Exercise Improves Lung Function in Adults with Asthma - European Medical Journal

Exercise Improves Lung Function in Adults with Asthma

PARTICIPATION in exercise programmes has brought about improvement in the lung function of adults with asthma, including breathing, aerobic, relaxation, and yoga. Comprising 28 randomised controlled trials, and a total of 2,155 patients, this review included both Chinese and English literature. The importance of this work lies with improved lung function leading to fewer emergency room visits and hospitalisations, as well as reducing the medical and economic burdens patients with asthma experience.

A total of 22 studies, with a total cohort of 1,670, revealed standardised mean differences in forced expiratory volume (FEV1) that indicated improvement with exercise. These differences were 0.52 (95% confidence interval [CI]: 0.22–0.82) for aerobic training; 0.53 (95% CI: 0.36–0.71) for breathing training; 1.13 (95% CI: 0.84–1.42) for relaxation training; 0.67 (95% CI: 0.48–0.87) for yoga training; and 0.98 (95% CI: 0.77–1.18) for combinations of breathing and aerobic training (p<0.001 for all modes of exercise). The researchers discovered no statistically significant differences between the modes of exercise, but relaxation training was the most effective, and breathing training was the least effective in improving FEV1.

A total of 17 studies, with 1,297 participants, examined forced vital capacity (FVC), and standardised mean differences in this case showed improvements of 0.53 (95% CI: 0.30–0.76) for aerobic training; 0.66 (95% CI: 0.50–0.83) for breathing training; 0.42 (95% CI: 0.22–0.61) for yoga training; and 0.71 (95% CI: 0.47–0.95) for combinations of breathing and aerobic training (p<0.001 for all modes). However, once again the researchers identified no statistically significant differences between the exercise modalities, but combinations of breathing and aerobic training were most effective, with yoga training being the least effective in improving FVC.

Analysis on peak expiratory flow included 17 studies, with 1,256 patients, highlighting improvements with all modes of exercise. Standardised mean differences were 0.61 (95% CI: 0.36–0.85; p<0.001) for breathing training; 0.53 (95% CI: 0.30–0.76; p<0.001) for aerobic training; 0.67 (95% CI: 0.24–1.09; p=0.002) for relaxation training; 0.79 (95% CI: 0.53–1.02; p<0.001) for yoga training; and 0.60 (95% CI: 0.38–0.82; p<0.001) for combinations of breathing and aerobic training. Once again, no statistically significant differences were found between these exercises, but yoga was clearly the most effective, and aerobic training the least at improving peak expiratory flow.

A total of 637 participants in 10 studies found improvements in FEV1/FVC after breathing, aerobic, and yoga training. Standardised mean differences for this cohort were 0.77 (95% CI: 0.52–1.03) for breathing training; 0.49 (95% CI: 0.26–0.72) for aerobic training; and 0.54 (95% CI: 0.31–0.77) for yoga training (p<0.001 for all modes). The investigators concluded that breathing training was most effective, and aerobic training least effect, in improving FEV1/FVC.
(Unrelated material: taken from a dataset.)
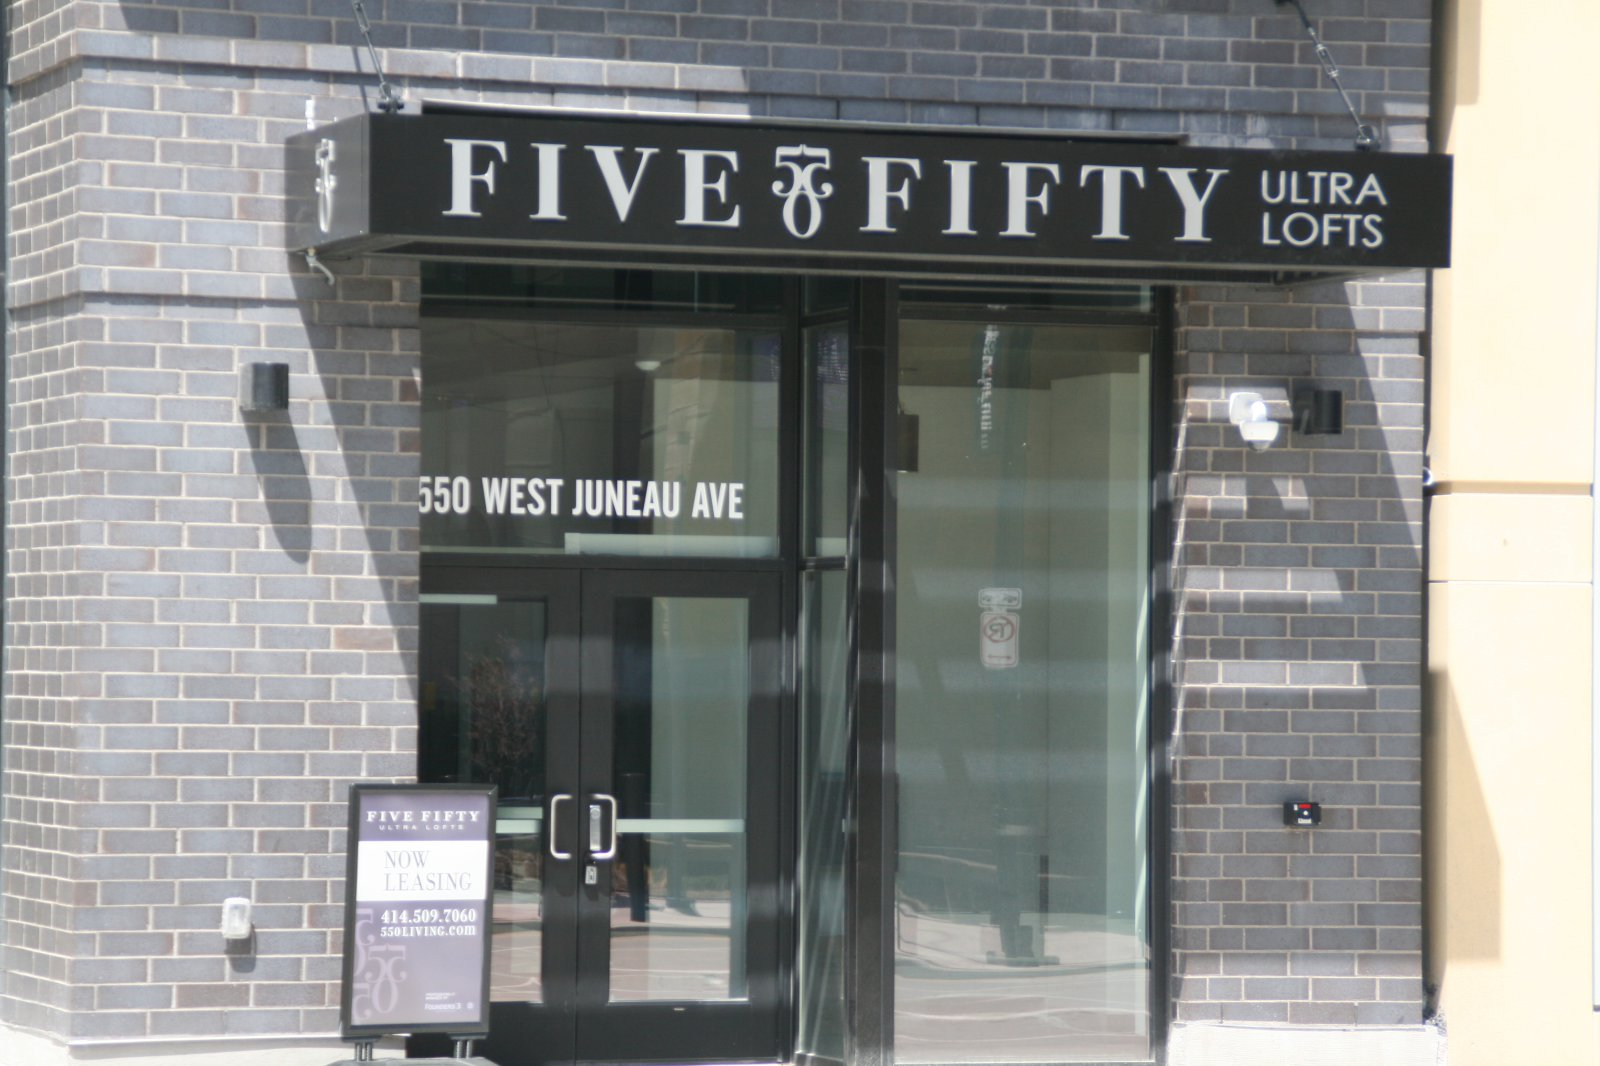 Five Fifty Ultra Lofts Lobby
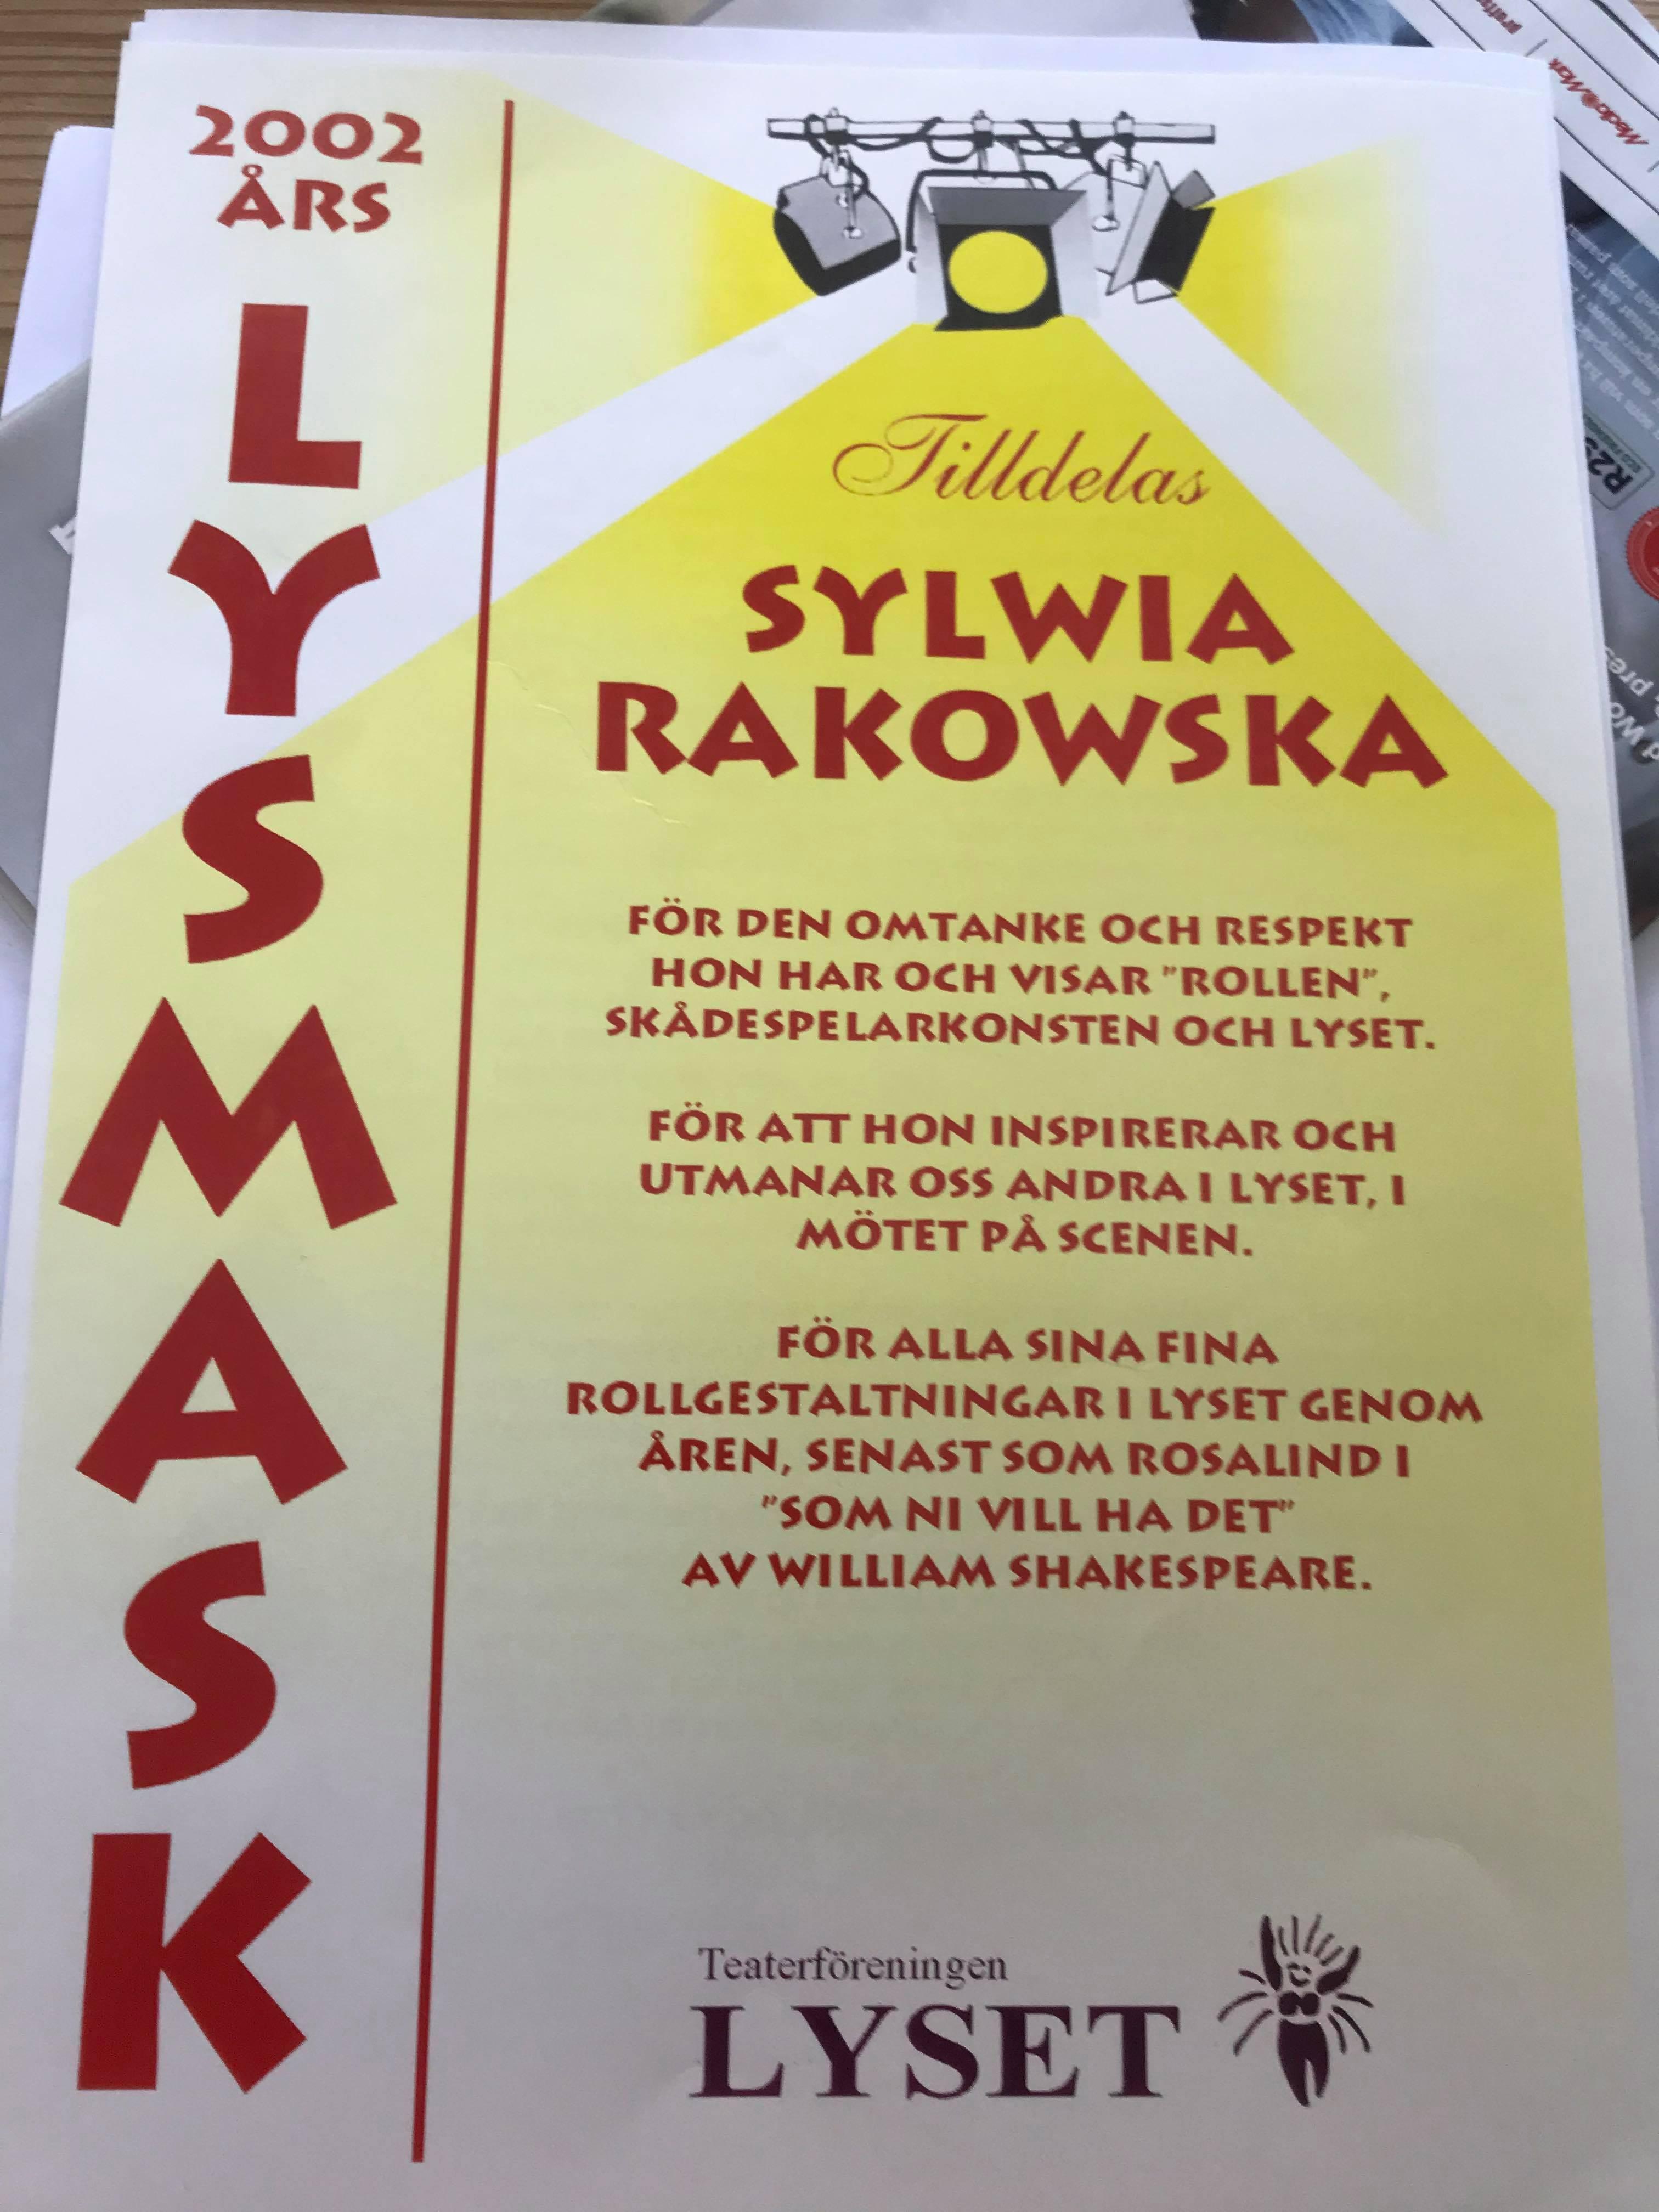 Sylwia Rakowska

The researchers cautioned that patient characteristics, family history, environmental influences, and disease duration should be considered when designing exercise programmes for individuals. Combinations of breathing, aerobic, and yoga training offered the most advantages, but exercise intensity, frequency, and duration are important considerations for optimising treatment outcomes. Future study should focus on exercise mode, intensity, and frequency, as well as factoring for age and gender to validate and expand on the findings of this review.